• [DATA BLOCK]:
_____
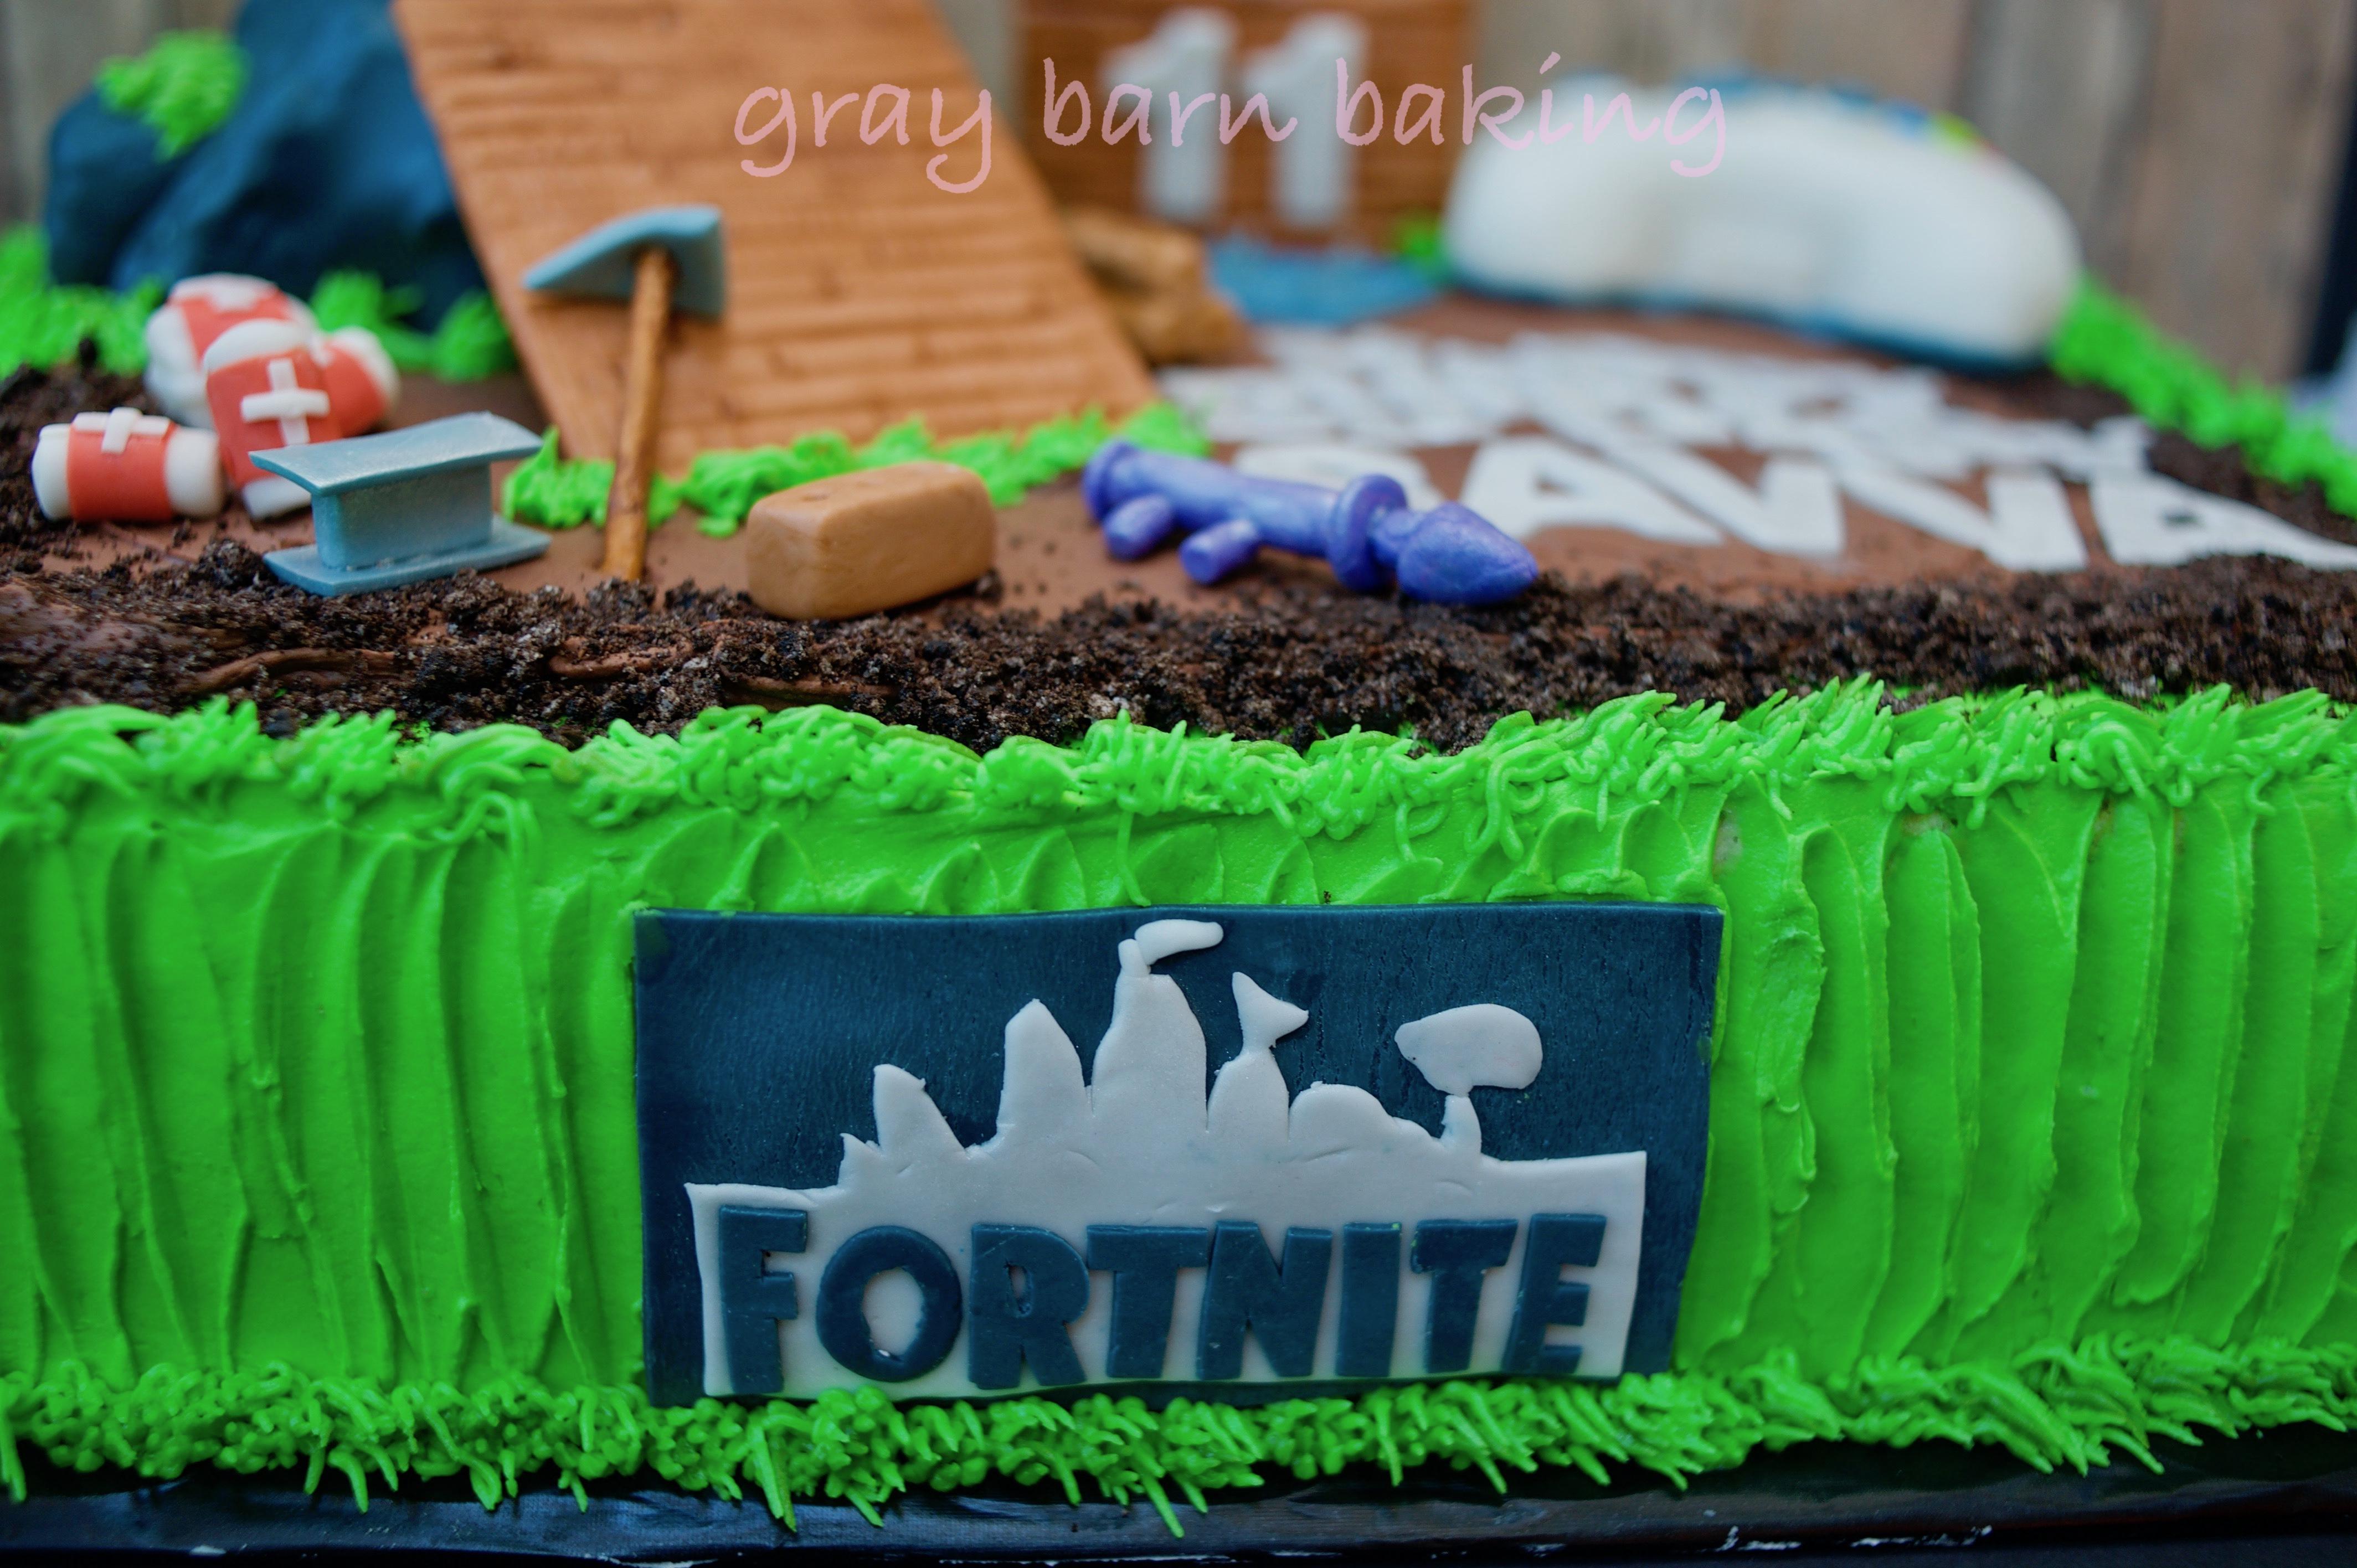 Fortnite Gamer Cake
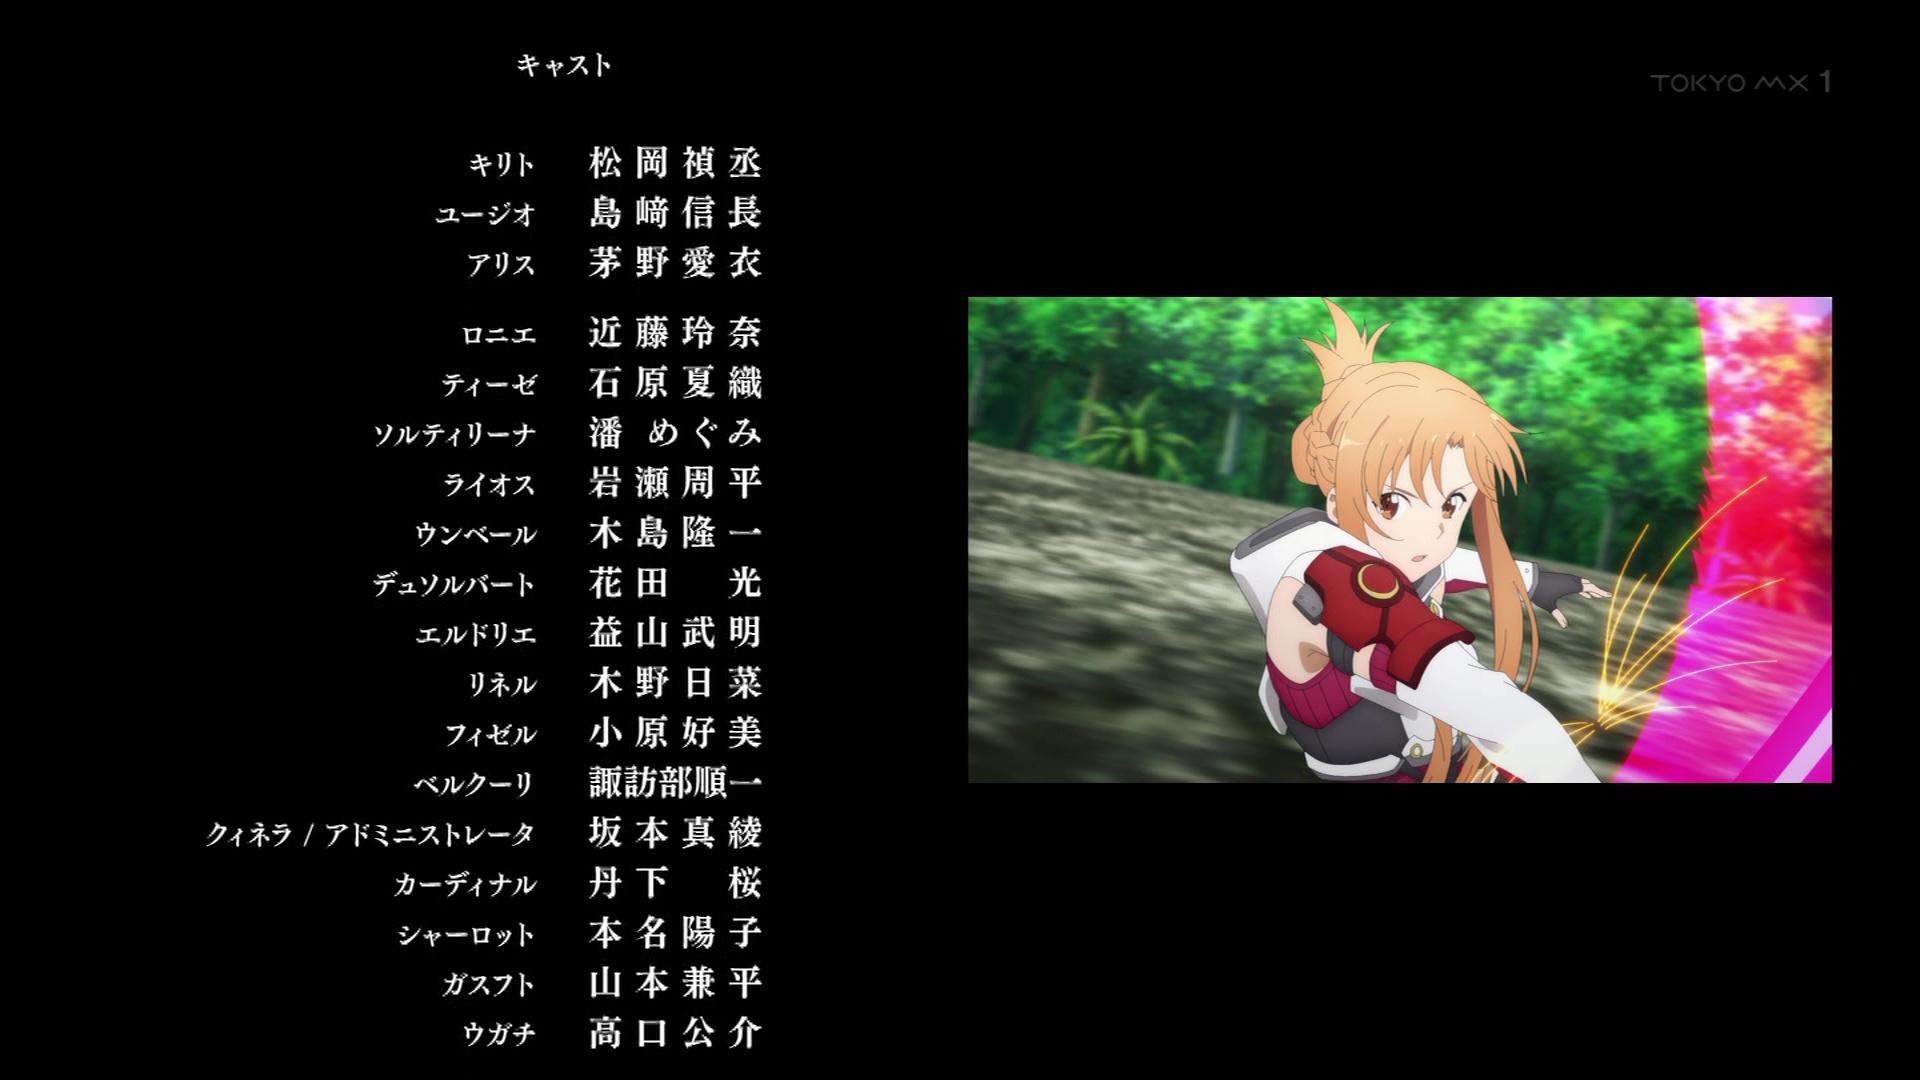 ソードアート・オンライン アリシゼーション 第18.5話「リコレクション」感想 神総集編
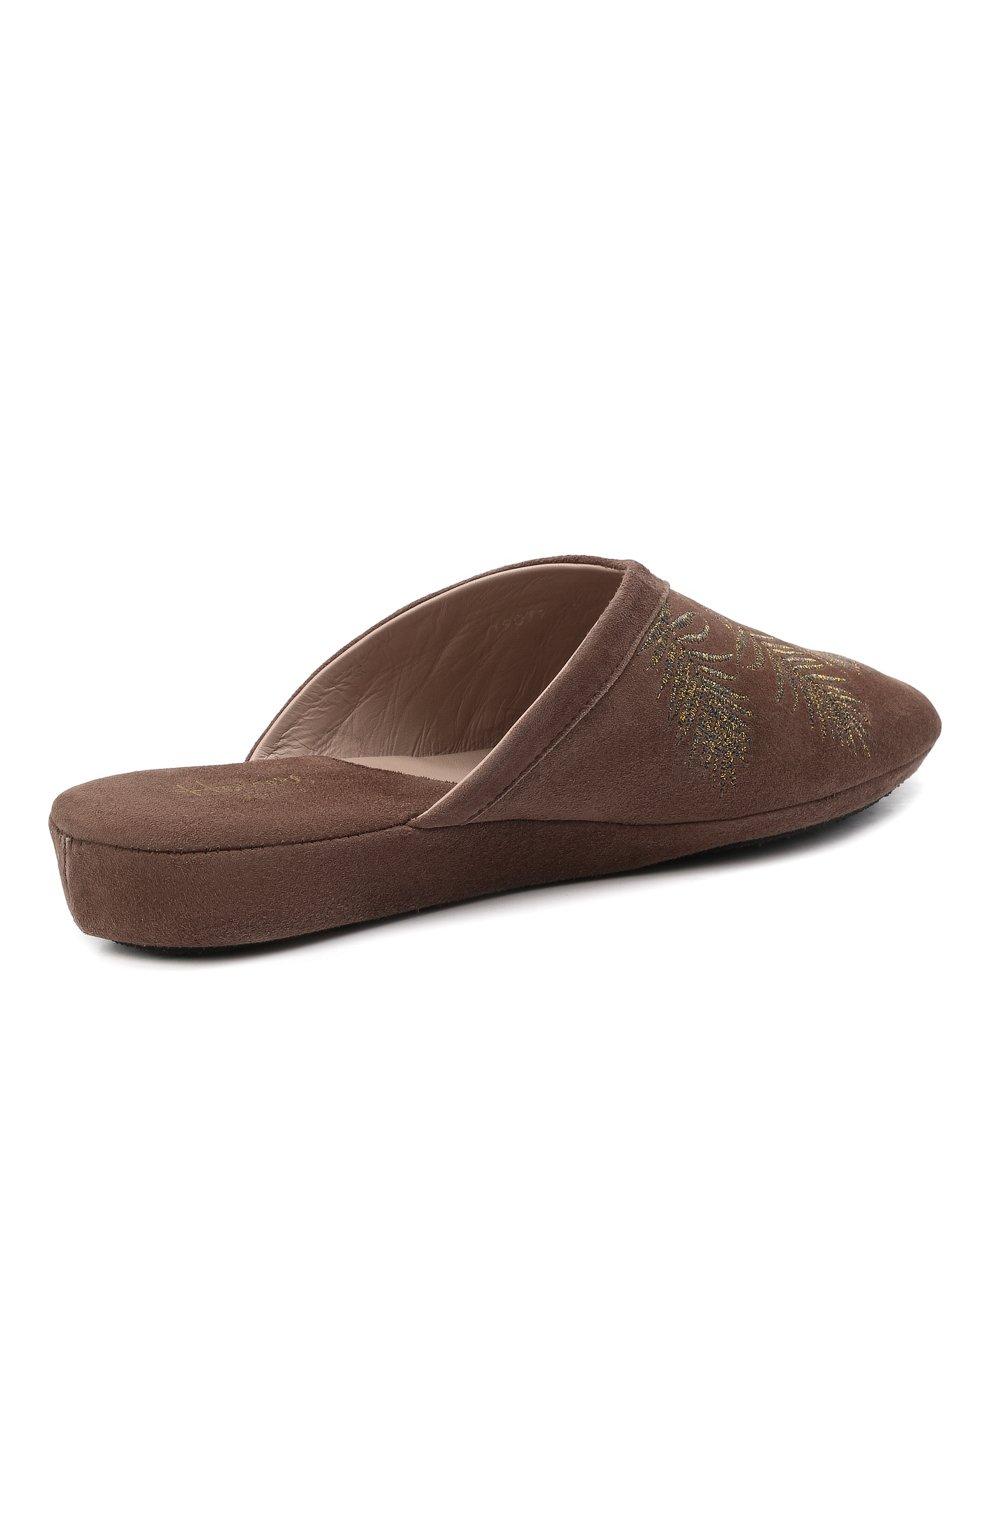 Женского туфли комнатные HOMERS AT HOME темно-коричневого цвета, арт. 19077R/ANTE | Фото 4 (Каблук высота: Низкий; Материал внутренний: Натуральная кожа; Женское Кросс-КТ: тапочки-домашняя обувь; Подошва: Плоская)
_____
• [PROBLEM TO WORK ON]:
Nothing but the lines from the line with "ソードアート・オンライン アリシゼーション 第18.5話「リコレクション」感想 神総集編" through the end of the listing should appear in the answer, each duplicated exactly, without pictures.

• [OUTPUT OF THE TASK]:
 ソードアート・オンライン アリシゼーション 第18.5話「リコレクション」感想 神総集編
 Женского туфли комнатные HOMERS AT HOME темно-коричневого цвета, арт. 19077R/ANTE | Фото 4 (Каблук высота: Низкий; Материал внутренний: Натуральная кожа; Женское Кросс-КТ: тапочки-домашняя обувь; Подошва: Плоская)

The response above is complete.